Sering Tumpang Tindih, Regulasi Pemda Perlu Ditinjau Dengan e-Perda
Tumpang tindih regulasi hingga peraturan yang sudah tidak relevan mengganggu jalannya birokasi di tingkat pemerintahan daerah. Teknologi informasi seperti E-Perda diharapkan bisa mengatasi masalah tersebut.
Oleh
MACHRADIN WAHYUDI RITONGA
·3 menit baca
BANDUNG, KOMPAS – Peraturan daerah yang tumpang tindih mengganggu jalannya birokrasi. Untuk itu, dibutuhkan penerapan teknologi informasi untuk merancang dan meninjau produk hukum yang ada.
Direktur Jenderal Otonomi Daerah Kementerian Dalam Negeri Akmal Malik menyatakan, banyak peraturan daerah yang berlaku saat ini belum dievaluasi dan dianggap mengganggu kinerja. Padahal, regulasi yang efektif dan efisien dari pemerintah daerah dibutuhkan agar layanan ke masyarakat bisa optimal.
“Kita sudah mengalami istilahnya keracunan regulasi. Ratusan ribu regulasi sudah dibuat, tapi tidak tahu apakah masih layak untuk dipakai. Kami melihat dan mengidentifikasi, ketika ada pemda yang lamban, prosedur berbelit, tidak inovatif, ini menjadi ciri keracunan regulasi,” ujar Akmal dalam peluncuran e-Perda Provinsi Jawa Barat yang disaksikan secara daring di Bandung, Jumat (16/4/2021).
Untuk mengatasi kondisi tersebut, Akmal menjelaskan, Kemendagri meluncurkan aplikasi digital e-Perda. Teknologi informasi ini bertujuan membantu pemda mendeteksi norma dan produk hukum yang dibuat berdasarkan kebutuhannya.
Menurut Akmal, regulasi di tingkat daerah perlu diperhatikan karena menjadi landasan hukum setiap organisasi perangkat daerah (OPD) dalam melayani masyarakat. Karena itu, produk hukum yang dibuat dengan efektif dan efisien serta tidak tumpang tindih dengan aturan lainnya.
Dengan aplikasi ini, tutur Akmal, produk-produk hukum yang dibuat pemda mampu dievaluasi. Teknologi e-Perda akan melihat sejauh mana rancangan peraturan hingga yang telah ada ini berkaitan dengan produk hukum lainnya.
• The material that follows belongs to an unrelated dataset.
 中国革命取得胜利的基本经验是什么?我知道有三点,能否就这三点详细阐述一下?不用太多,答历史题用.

“Tidak hanya untuk mempermudah tata kelola, aplikasi ini juga bisa mendeteksi norma antara produk hukum yang satu dengan yang lain. Bisa saja sudah diatur oleh regulasi yang lebih tinggi, atau bahkan bertentangan dengan yang lebih tinggi,” ujarnya.
Kondisi ini bisa menghambat birokrasi dalam pemerintahan. Karena itu, Akmal menyatakan, aplikasi ini mampu menjadi solusi tepat melahirkan produk hukum yang membantu kinerja perangkat daerah dalam melayani publik. “Kita butuh kecepatan. Sementara itu, kebutuhan masyarakat adalah hal yang tidak bisa diabaikan,” ujarnya.
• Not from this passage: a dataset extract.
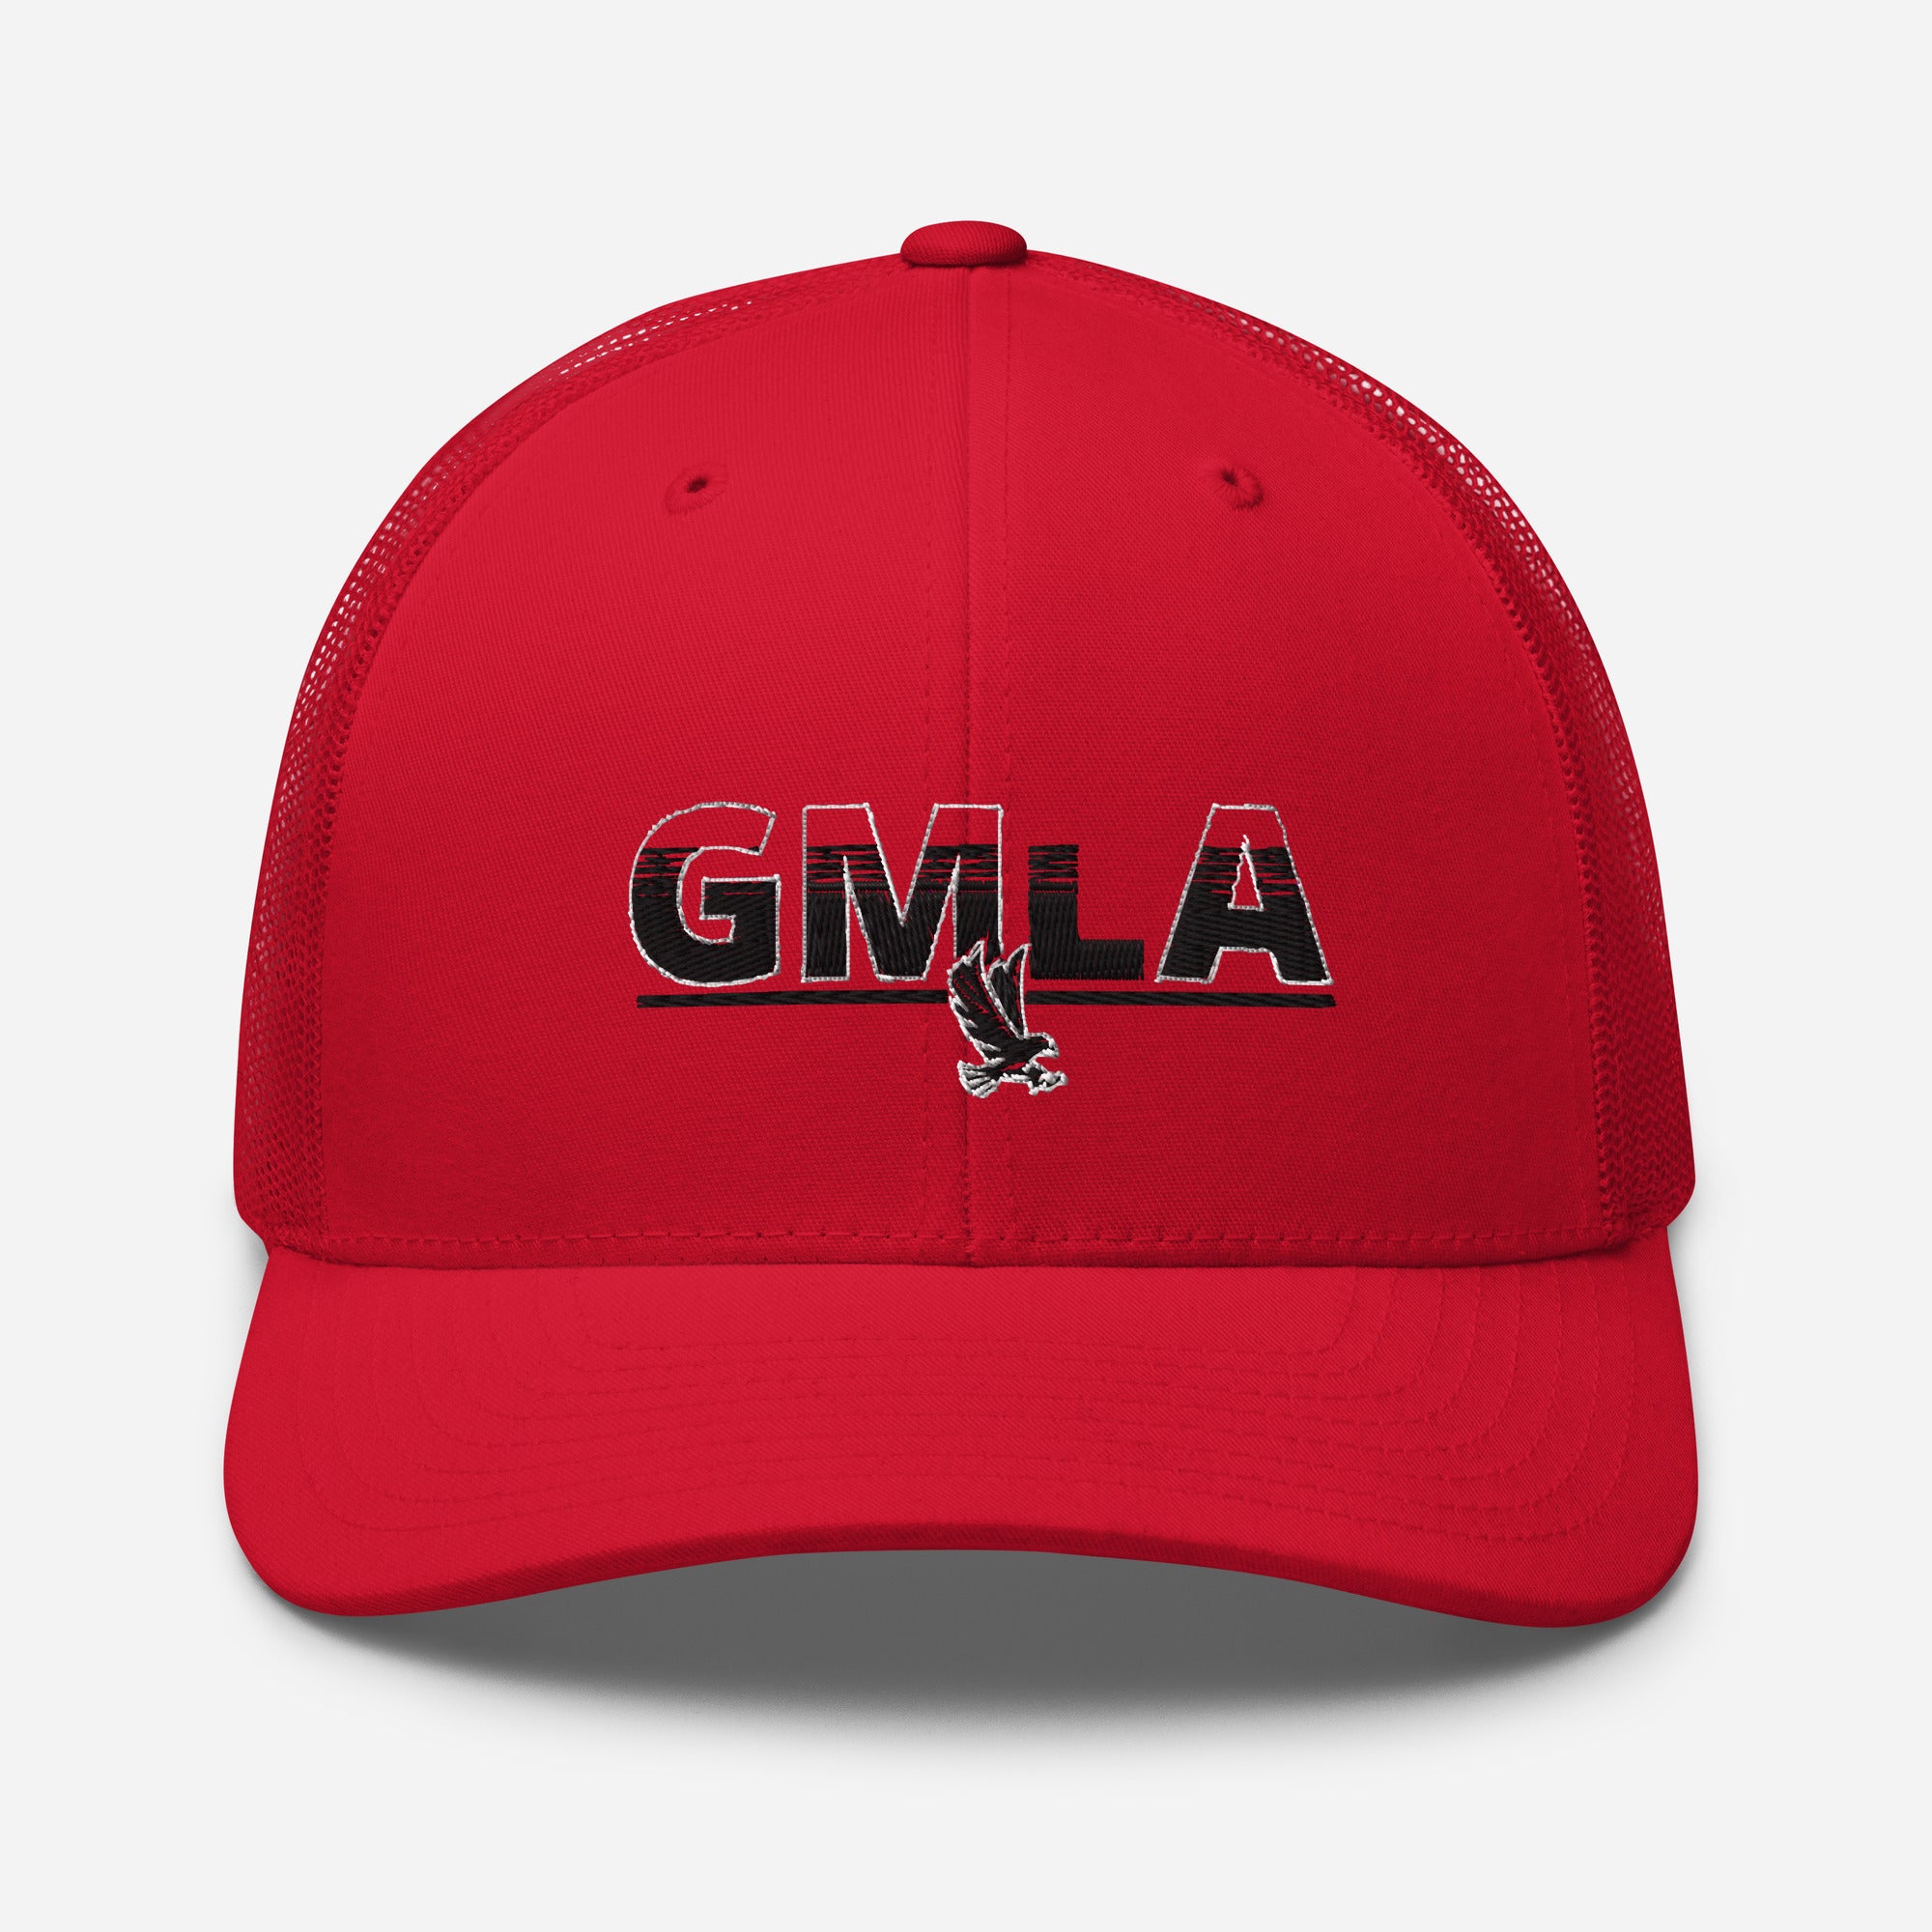 GMLA Trucker Cap

Gubernur Jabar Ridwan Kamil menyambut baik peluncuran aplikasi birokrasi e-Perda. Jabar menjadi daerah kedua setelah Provinsi Banten dan menjadi salah satu proyek percontohan. Hal ini sejalan dengan keinginan Jabar untuk menjadi provinsi digital yang maju di Indonesia.
Kamil berharap e-Perda bisa menyelesaikan setidaknya lima permasalahan di dalam regulasi. Problem ini antara lain hyper regulation, tumpang tindih, inkonsistensi, multitafsir, dan disharmoni.
Kamil menjelaskan, hyper regulation terjadi karena jumlah perda menjadi ukuran produktivitas, sehingga semua aturan dibuat perda. Padahal, jika ada pengamatan lebih lanjut, tidak menutup kemungkinan ada produk hukum yang telah mengaturnya. Hal ini juga berdampak pada empat masalah lainnya.
“Kami akan berkomitmen menjalankan e-Perda dan seluruh 27 kabupaten dan kota mulai tahun 2021 akan menggunakan aplikasi ini. Semua ini diharapkan bisa memudahkan koordinasi sehingga tidak multitafsir, dan terintegrasi dengan kementerian lembaga lainnya,” ujar Kamil.